When you iterate with D foreach on a string that contains those, what is the right way to split chars? Returning a single "char" 8 bytes long (that is a string of two 32-bit chars) that contains them both is not wrong (but probably not expected) :-)

Bye,
bearophile
June 08, 2010
On 2010-06-08 22:27, Nick Sabalausky wrote:
<snip>
>
> 1. Am I correct in all of that?

Yes. In particular, the three-byteness of CJK characters is an often-cited reason to use UTF-16 instead of UTF-8.

> 2. Is there a proper way to encode that modifier character by itself? For
> instance, if you wanted to write "Japanese has a (the modifier by itself
> here) that changes a sound".

You can combine it with a space, but yes: that mark, called the dakuten or voicing mark, can be encoded by itself as U+309B.

I recommend http://rishida.net/scripts/uniview/ for searching through Unicode.

> 3. A text editor, for instance, is intended to treat something like (U+305D,
> U+3099) as a single character, right?

Yes, I'd say so.
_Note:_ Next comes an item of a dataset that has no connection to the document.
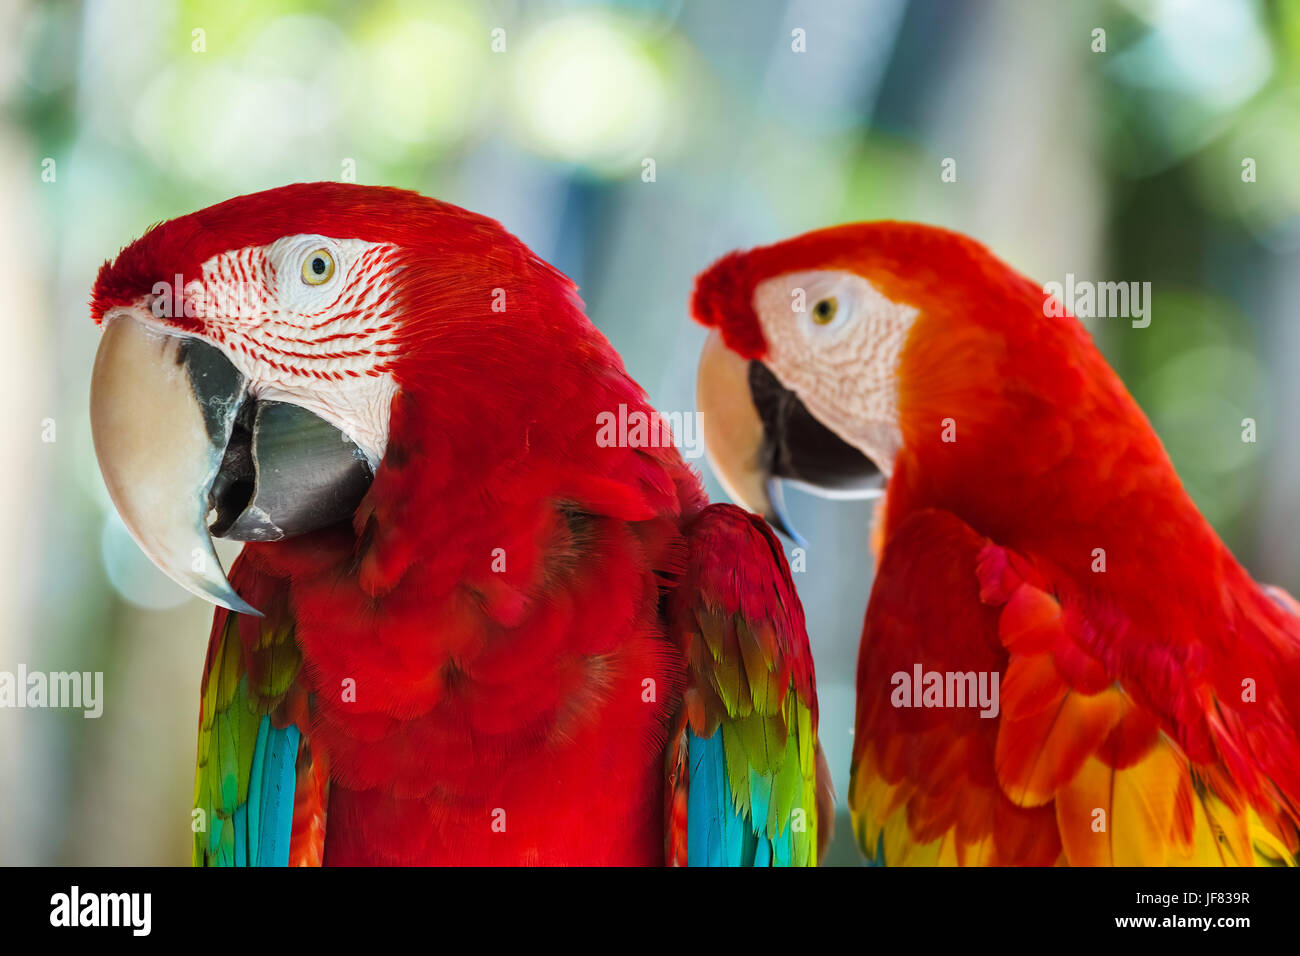 Parrots in Bali Island Indonesia Stock Photo

I suppose it could allow for removing only the modifier (or the modified), but that doesn't seem like it should be the default behaviour.

> 4. When comparing strings, are (U+305E) and (U+305D, U+3099) intended to
> compare as equal?

Yes. You might want to read about equivalence and normalization in Unicode:

http://en.wikipedia.org/wiki/Unicode_equivalence

> 5. Does Phobos/Tango correctly abide by whatever the answer to #4 is?
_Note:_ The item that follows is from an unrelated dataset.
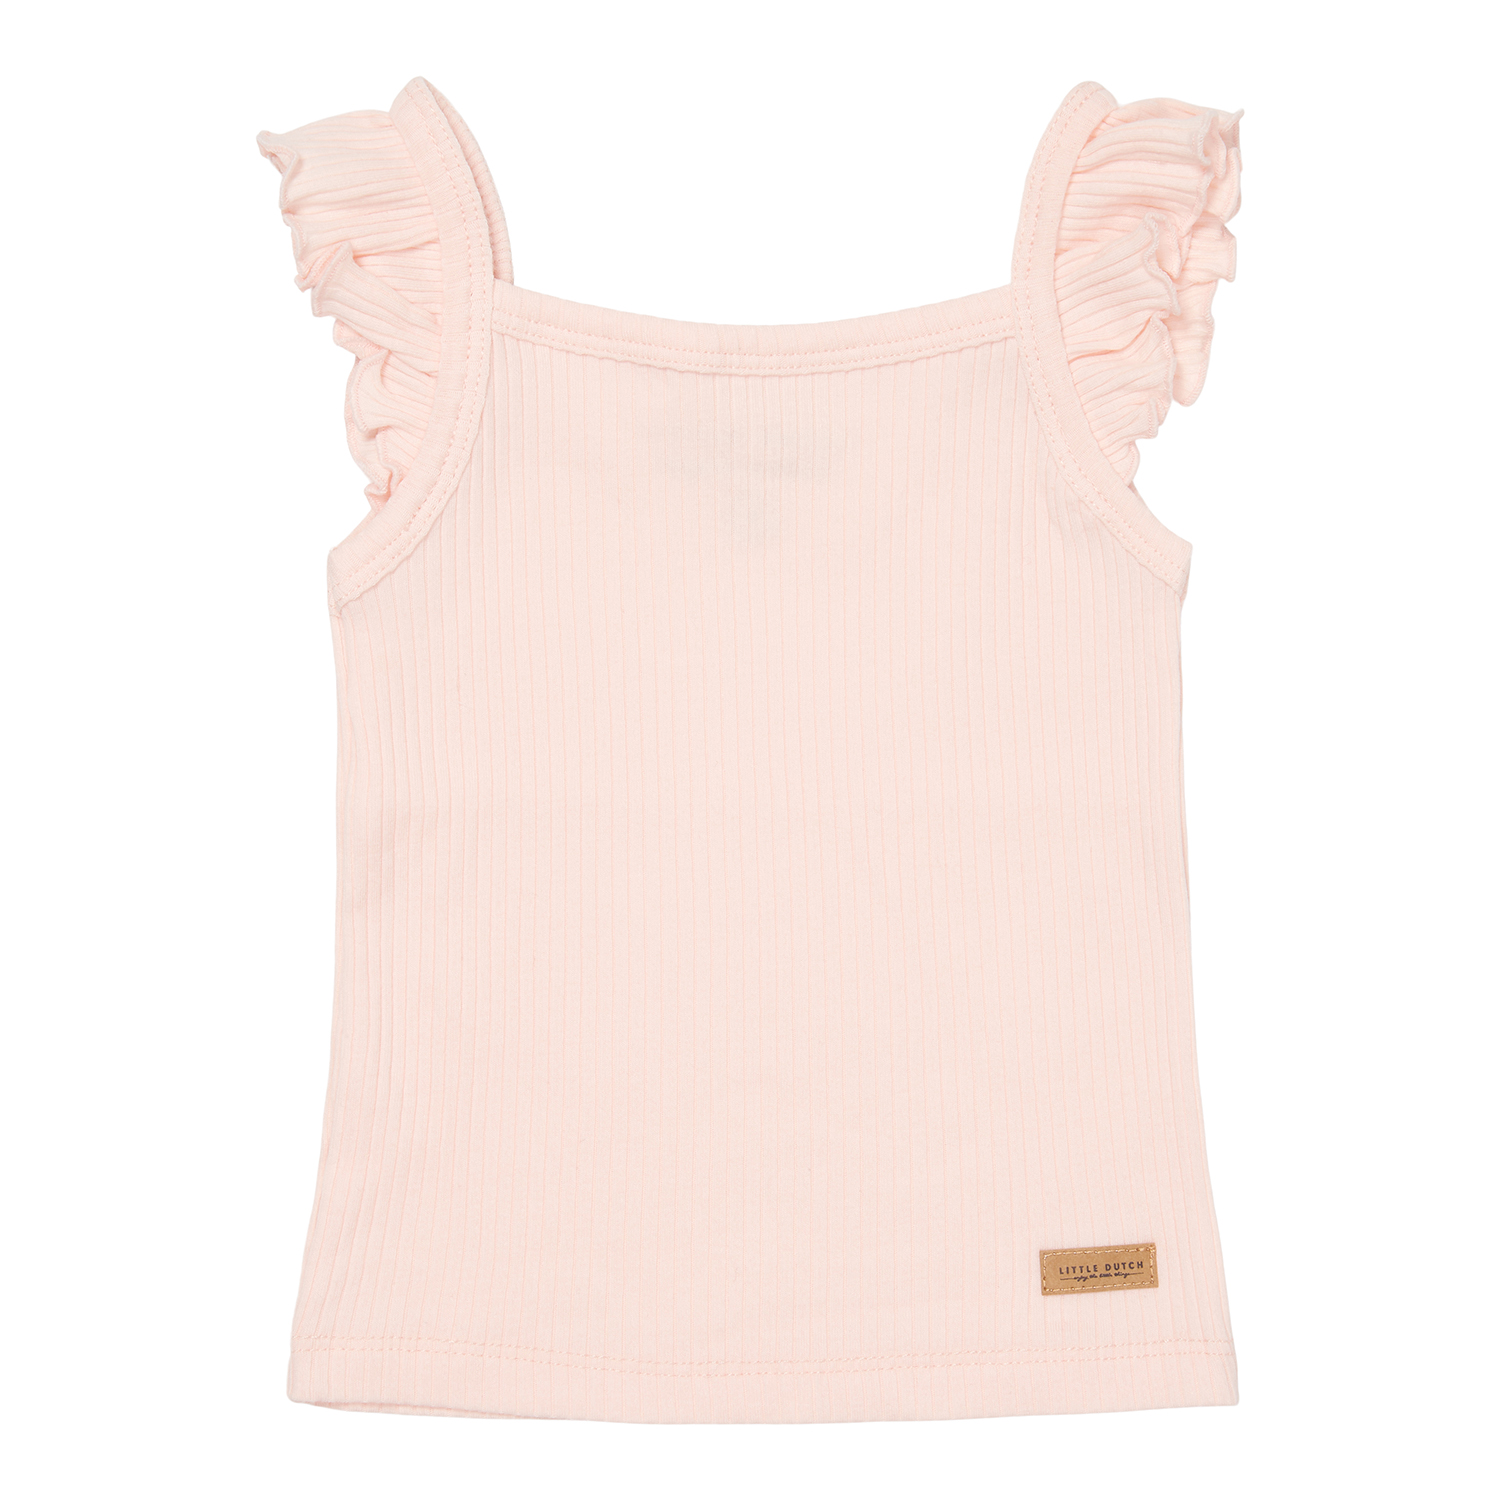 Top mit Volants Rippe Pure soft pink (Gr. 86)

AFAIK, neither support normalization of any kind.

> 6. Are there other languages with similar things for which the answers to #3
> and #4 are different? (And if so, how does Phobos/Tango handle it?)
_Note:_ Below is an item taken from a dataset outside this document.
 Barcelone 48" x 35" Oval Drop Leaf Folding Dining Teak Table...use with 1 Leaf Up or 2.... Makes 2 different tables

Factor has pretty good support for Unicode:

http://docs.factorcode.org/content/article-unicode.html

> 7. I assume Unicode doesn't have any provisions for Furigana, right? I
> assume that would be outside the scope of Unicode, but I thought I'd ask.

There's:

U+FFF9  INTERLINEAR ANNOTATION ANCHOR
U+FFFA  INTERLINEAR ANNOTATION SEPARATOR
U+FFFB  INTERLINEAR ANNOTATION TERMINATOR

But it's usually recommended to use some kind of ruby markup instead. See:

http://en.wikipedia.org/wiki/Ruby_character#Ruby_in_Unicode

-- 
E-mail address: matti.niemenmaa+news, domain is iki (DOT) fi
June 08, 2010
"Matti Niemenmaa" <see_signature@for.real.address> wrote in message news:hum6ft$2jar$1@digitalmars.com...
> On 2010-06-08 22:27, Nick Sabalausky wrote:
> <snip>

Thanks for the helpful response :)


>
> I recommend http://rishida.net/scripts/uniview/ for searching through Unicode.
>

Ahh, I'd been wanting a good Unicode equivalent to an ASCII chart. That seems to do nicely.


>> 6. Are there other languages with similar things for which the answers to
>> #3
>> and #4 are different? (And if so, how does Phobos/Tango handle it?)
>
> Factor has pretty good support for Unicode:
>
> http://docs.factorcode.org/content/article-unicode.html
>

Actually, I meant other human-languages. Like, are there other combining characters for some language other than Japanese that are indended to be compared as unequal to their corresponding singe-code-point version?


>> 7. I assume Unicode doesn't have any provisions for Furigana, right? I assume that would be outside the scope of Unicode, but I thought I'd ask.
>
> There's:
>
> U+FFF9  INTERLINEAR ANNOTATION ANCHOR
> U+FFFA  INTERLINEAR ANNOTATION SEPARATOR
> U+FFFB  INTERLINEAR ANNOTATION TERMINATOR
>
> But it's usually recommended to use some kind of ruby markup instead. See:
>
> http://en.wikipedia.org/wiki/Ruby_character#Ruby_in_Unicode
>

Thanks. I was wondering about those being there but not being recommended, so I followed that link and the footnote, and found the following very helpful explanation:

http://www.unicode.org/reports/tr20/#Interlinear

Their explanation is easy to understand, but basically, they're there as a convenience for internal use by an application. It don't provide other information that would normally be important for markup, such as where to position it. And it's not easily displayable in plain-text-only-modes without the risk of subtly changing the meaning.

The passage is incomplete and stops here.